__RECORD SET__:
—————
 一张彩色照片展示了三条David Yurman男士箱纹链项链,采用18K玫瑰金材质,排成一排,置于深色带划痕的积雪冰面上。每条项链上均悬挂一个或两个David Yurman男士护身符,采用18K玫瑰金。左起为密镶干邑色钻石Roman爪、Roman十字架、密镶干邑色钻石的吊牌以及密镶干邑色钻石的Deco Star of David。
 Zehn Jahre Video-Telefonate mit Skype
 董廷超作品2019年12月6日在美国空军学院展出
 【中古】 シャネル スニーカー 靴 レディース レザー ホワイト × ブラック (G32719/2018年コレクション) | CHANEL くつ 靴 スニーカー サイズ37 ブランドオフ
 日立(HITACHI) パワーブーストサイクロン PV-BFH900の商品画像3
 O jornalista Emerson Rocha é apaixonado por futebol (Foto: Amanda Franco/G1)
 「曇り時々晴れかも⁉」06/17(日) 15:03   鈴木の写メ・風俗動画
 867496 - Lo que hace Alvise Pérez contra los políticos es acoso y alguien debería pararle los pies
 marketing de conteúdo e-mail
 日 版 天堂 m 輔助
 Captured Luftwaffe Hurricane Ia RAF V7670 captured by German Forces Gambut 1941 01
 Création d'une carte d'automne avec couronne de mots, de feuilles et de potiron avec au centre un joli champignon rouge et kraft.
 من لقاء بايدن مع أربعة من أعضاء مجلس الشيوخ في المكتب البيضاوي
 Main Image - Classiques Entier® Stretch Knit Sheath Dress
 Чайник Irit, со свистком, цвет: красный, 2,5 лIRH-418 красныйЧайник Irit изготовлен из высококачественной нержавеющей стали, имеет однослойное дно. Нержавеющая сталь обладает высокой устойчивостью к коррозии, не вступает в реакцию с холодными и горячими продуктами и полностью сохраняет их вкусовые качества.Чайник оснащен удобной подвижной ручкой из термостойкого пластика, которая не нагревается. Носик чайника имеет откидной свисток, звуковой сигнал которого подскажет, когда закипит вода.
—————
__GOAL OF THE EXERCISE__: Each entry above is to be returned exactly as given.

__ANSWER TO THE EXERCISE__:
 一张彩色照片展示了三条David Yurman男士箱纹链项链,采用18K玫瑰金材质,排成一排,置于深色带划痕的积雪冰面上。每条项链上均悬挂一个或两个David Yurman男士护身符,采用18K玫瑰金。左起为密镶干邑色钻石Roman爪、Roman十字架、密镶干邑色钻石的吊牌以及密镶干邑色钻石的Deco Star of David。
 Zehn Jahre Video-Telefonate mit Skype
 董廷超作品2019年12月6日在美国空军学院展出
 【中古】 シャネル スニーカー 靴 レディース レザー ホワイト × ブラック (G32719/2018年コレクション) | CHANEL くつ 靴 スニーカー サイズ37 ブランドオフ
 日立(HITACHI) パワーブーストサイクロン PV-BFH900の商品画像3
 O jornalista Emerson Rocha é apaixonado por futebol (Foto: Amanda Franco/G1)
 「曇り時々晴れかも⁉」06/17(日) 15:03   鈴木の写メ・風俗動画
 867496 - Lo que hace Alvise Pérez contra los políticos es acoso y alguien debería pararle los pies
 marketing de conteúdo e-mail
 日 版 天堂 m 輔助
 Captured Luftwaffe Hurricane Ia RAF V7670 captured by German Forces Gambut 1941 01
 Création d'une carte d'automne avec couronne de mots, de feuilles et de potiron avec au centre un joli champignon rouge et kraft.
 من لقاء بايدن مع أربعة من أعضاء مجلس الشيوخ في المكتب البيضاوي
 Main Image - Classiques Entier® Stretch Knit Sheath Dress
 Чайник Irit, со свистком, цвет: красный, 2,5 лIRH-418 красныйЧайник Irit изготовлен из высококачественной нержавеющей стали, имеет однослойное дно. Нержавеющая сталь обладает высокой устойчивостью к коррозии, не вступает в реакцию с холодными и горячими продуктами и полностью сохраняет их вкусовые качества.Чайник оснащен удобной подвижной ручкой из термостойкого пластика, которая не нагревается. Носик чайника имеет откидной свисток, звуковой сигнал которого подскажет, когда закипит вода.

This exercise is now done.